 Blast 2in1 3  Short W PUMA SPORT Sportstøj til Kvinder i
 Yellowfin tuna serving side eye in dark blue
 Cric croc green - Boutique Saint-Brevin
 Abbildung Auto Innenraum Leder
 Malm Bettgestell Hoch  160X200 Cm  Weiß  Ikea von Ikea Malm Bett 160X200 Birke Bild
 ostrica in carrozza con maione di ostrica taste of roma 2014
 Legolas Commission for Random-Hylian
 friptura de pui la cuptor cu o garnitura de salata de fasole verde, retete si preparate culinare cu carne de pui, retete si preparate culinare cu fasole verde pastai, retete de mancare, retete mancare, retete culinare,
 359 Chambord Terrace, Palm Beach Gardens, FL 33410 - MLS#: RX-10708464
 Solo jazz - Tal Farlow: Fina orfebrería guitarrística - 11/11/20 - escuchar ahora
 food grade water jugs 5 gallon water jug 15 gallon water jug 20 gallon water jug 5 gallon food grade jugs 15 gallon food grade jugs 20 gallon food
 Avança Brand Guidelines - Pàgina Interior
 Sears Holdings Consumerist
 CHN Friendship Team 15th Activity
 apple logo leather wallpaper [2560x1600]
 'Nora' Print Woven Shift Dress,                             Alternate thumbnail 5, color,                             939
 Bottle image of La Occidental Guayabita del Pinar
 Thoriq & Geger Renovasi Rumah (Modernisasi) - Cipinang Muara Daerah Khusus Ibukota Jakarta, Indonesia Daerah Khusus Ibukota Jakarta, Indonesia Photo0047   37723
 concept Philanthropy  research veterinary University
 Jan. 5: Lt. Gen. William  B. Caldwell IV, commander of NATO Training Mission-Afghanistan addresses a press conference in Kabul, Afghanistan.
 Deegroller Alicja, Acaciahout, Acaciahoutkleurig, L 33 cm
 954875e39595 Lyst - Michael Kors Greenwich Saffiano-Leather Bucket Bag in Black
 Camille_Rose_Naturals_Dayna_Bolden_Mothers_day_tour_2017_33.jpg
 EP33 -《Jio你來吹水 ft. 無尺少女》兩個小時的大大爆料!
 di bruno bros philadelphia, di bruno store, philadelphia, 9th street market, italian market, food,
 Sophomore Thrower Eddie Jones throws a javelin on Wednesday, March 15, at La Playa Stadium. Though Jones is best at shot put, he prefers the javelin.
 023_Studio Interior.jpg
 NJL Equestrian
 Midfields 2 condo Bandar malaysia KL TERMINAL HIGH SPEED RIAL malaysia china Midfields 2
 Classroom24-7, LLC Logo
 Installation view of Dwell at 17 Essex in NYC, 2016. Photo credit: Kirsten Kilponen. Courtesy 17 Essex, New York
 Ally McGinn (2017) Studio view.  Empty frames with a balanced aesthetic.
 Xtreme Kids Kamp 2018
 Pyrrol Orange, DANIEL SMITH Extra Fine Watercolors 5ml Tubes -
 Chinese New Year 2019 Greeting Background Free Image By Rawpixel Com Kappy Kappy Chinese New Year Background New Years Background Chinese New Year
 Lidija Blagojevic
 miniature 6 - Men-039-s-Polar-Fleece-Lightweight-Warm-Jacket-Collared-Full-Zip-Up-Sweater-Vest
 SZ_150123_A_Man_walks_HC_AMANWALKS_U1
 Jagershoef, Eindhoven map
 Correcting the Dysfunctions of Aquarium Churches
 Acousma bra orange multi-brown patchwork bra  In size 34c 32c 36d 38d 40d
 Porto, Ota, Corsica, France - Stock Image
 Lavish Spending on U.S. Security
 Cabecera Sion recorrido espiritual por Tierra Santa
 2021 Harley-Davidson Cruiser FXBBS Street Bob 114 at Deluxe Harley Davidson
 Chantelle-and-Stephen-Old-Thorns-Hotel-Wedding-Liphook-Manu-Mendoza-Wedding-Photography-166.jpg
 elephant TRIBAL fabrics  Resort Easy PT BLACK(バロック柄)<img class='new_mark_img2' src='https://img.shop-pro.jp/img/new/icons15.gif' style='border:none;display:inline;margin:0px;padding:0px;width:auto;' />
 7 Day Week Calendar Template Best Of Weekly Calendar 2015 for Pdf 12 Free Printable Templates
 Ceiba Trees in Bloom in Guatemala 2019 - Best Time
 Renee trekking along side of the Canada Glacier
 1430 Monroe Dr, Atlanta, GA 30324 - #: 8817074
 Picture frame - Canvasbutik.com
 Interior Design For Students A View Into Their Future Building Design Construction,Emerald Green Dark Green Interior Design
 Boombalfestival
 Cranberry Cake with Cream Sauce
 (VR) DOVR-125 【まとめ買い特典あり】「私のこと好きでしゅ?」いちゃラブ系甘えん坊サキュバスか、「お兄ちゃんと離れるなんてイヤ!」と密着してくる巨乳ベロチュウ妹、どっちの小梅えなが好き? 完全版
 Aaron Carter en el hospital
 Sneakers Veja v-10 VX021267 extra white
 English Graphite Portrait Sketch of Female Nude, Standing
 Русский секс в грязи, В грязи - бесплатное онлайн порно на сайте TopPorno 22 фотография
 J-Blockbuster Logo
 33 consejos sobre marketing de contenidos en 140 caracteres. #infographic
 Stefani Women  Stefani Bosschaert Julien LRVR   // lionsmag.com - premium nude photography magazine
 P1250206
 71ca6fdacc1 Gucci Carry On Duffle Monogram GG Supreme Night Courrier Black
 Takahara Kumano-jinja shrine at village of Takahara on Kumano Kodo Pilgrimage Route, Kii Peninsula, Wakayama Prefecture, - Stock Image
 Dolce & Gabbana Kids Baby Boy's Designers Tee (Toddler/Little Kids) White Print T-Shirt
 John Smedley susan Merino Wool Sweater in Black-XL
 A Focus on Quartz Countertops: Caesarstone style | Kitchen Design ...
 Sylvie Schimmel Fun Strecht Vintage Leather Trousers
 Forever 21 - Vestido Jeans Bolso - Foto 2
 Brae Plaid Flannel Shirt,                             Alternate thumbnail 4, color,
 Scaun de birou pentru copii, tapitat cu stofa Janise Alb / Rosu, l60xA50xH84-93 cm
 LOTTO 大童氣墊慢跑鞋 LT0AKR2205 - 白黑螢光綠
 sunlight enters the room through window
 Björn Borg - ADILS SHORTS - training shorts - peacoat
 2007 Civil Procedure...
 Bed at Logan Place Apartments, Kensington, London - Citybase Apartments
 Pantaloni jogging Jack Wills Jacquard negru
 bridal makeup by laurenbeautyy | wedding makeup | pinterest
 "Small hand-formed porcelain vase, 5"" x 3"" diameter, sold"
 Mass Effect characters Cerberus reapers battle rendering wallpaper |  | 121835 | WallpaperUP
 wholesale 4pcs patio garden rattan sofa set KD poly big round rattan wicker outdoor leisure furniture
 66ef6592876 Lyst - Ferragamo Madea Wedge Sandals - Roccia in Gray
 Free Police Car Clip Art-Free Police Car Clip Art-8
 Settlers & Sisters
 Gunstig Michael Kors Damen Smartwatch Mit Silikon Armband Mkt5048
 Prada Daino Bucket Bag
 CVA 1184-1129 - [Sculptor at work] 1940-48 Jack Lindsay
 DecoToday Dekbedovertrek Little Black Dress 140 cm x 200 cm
..........
_To do:_ Report how many lines in the listing above hold the string "wallpaper", giving the number and no other words.

_Problem solution:_ 2